In December 2019 the first case of human infection by a new coronavirus was identified, currently called SARS-COV-2 (Severe Acute Respiratory Syndrome - Coronavirus - 2), characterized by high contagiousness and the possibility of causing a severe acute respiratory distress syndrome from which its acronym derives and which caused the state of a global pandemic in a few months.
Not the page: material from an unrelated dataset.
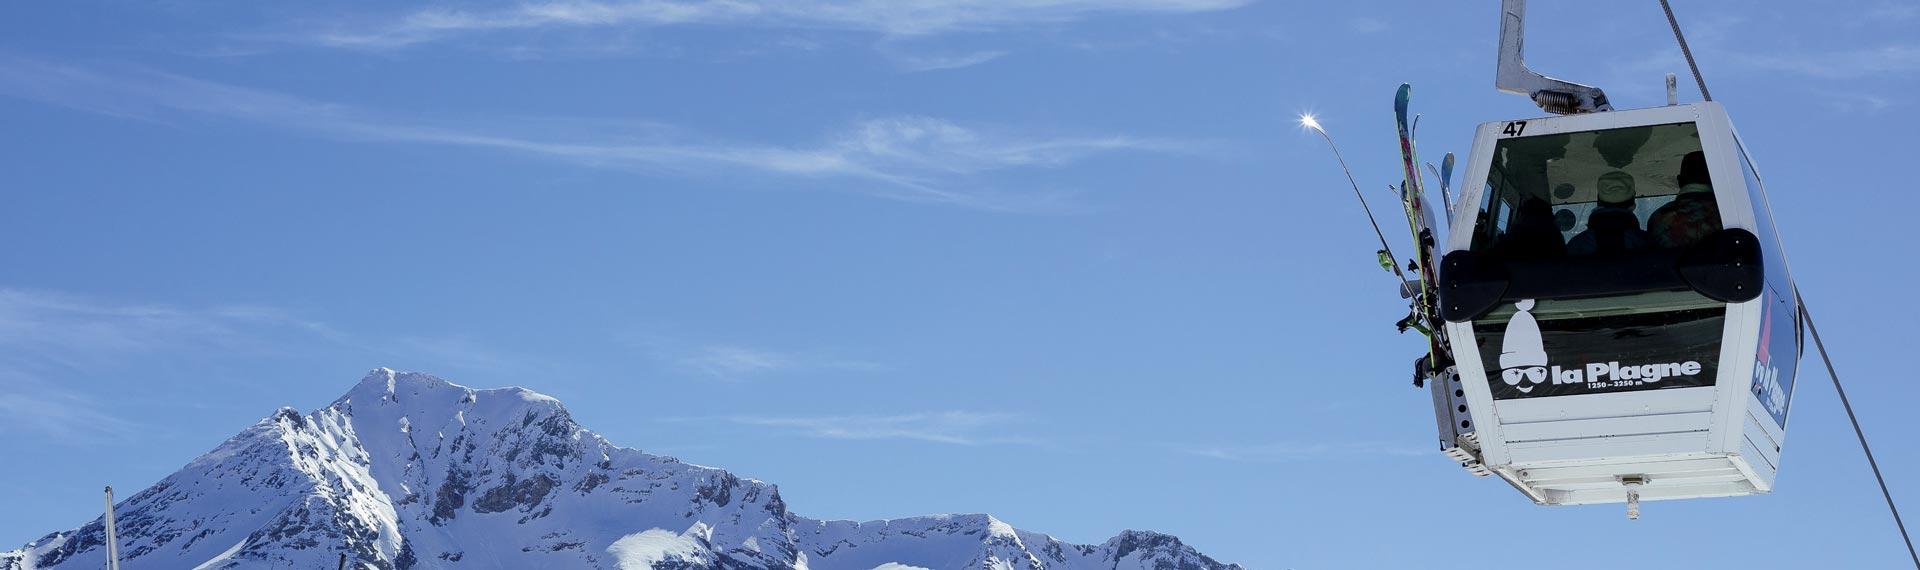 H tel belle plagne h bergement vacances de ski la for Hotel au ski

The most frequent clinical manifestation of COVID-19 is pneumonia, which in about 20% of cases results in acute respiratory failure. Very few studies have so far addressed the problem of clinical and functional recovery in these patients, most of them just before or after discharge and none specifically focused on patients admitted for ARF. Indeed most of these investigations were limited to a specific field such as symptoms, pulmonary function and radiological changes. There are no guidelines for the follow-up of COVID-19 patients, despite the British Thoracic Society (BTS) has published a guidance for scheduling post-hospitalization assessments.
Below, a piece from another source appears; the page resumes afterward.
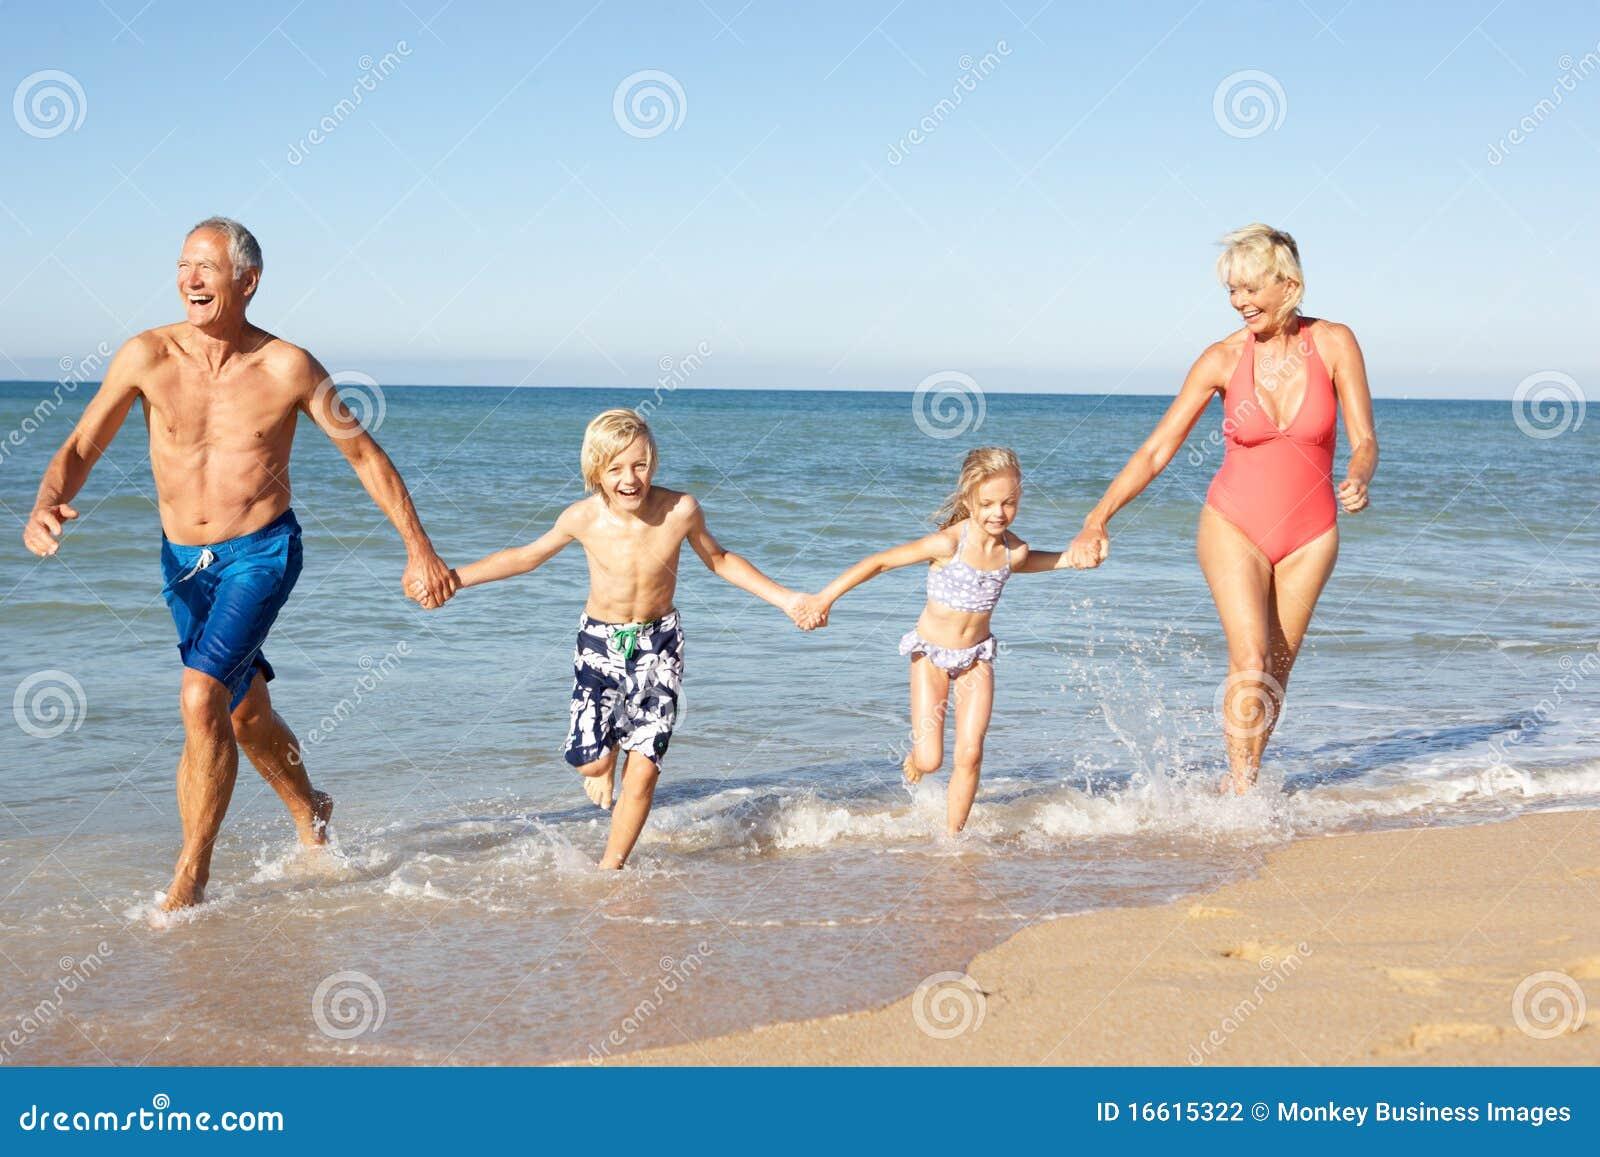 Фото бабушки на пляже 17 фотография

Aim of this study is to describe the long term (6 to 12 months) evolution of lung involvement in patients discharged after an episode of ARF due to COVID-19, identifying possible factor associated to lasting clinical, functional or radiological abnormalities collecting data from hospital stay, 1-month after hospital discharge, 3-months after hospital discharge and 6-to-12-months after hospital discharge.

Description:

Coronaviruses are a family of viruses with marked tropism for the respiratory system, being able to cause heterogeneous pathological states in humans ranging from the common cold to more serious diseases such as Respiratory Syndrome severe acute respiratory syndrome (SARS). In December 2019 in Wuhan in China, the first case of human infection by a new coronavirus was identified, currently called SARS-COV-2 (Severe Acute Respiratory Syndrome - Coronavirus

• 2), characterized by high contagiousness and the possibility of causing a severe acute respiratory distress syndrome from which its acronym derives and which caused the state of a global pandemic in a few months. The disease caused by the SARS-COV-2 virus is called COVID 19.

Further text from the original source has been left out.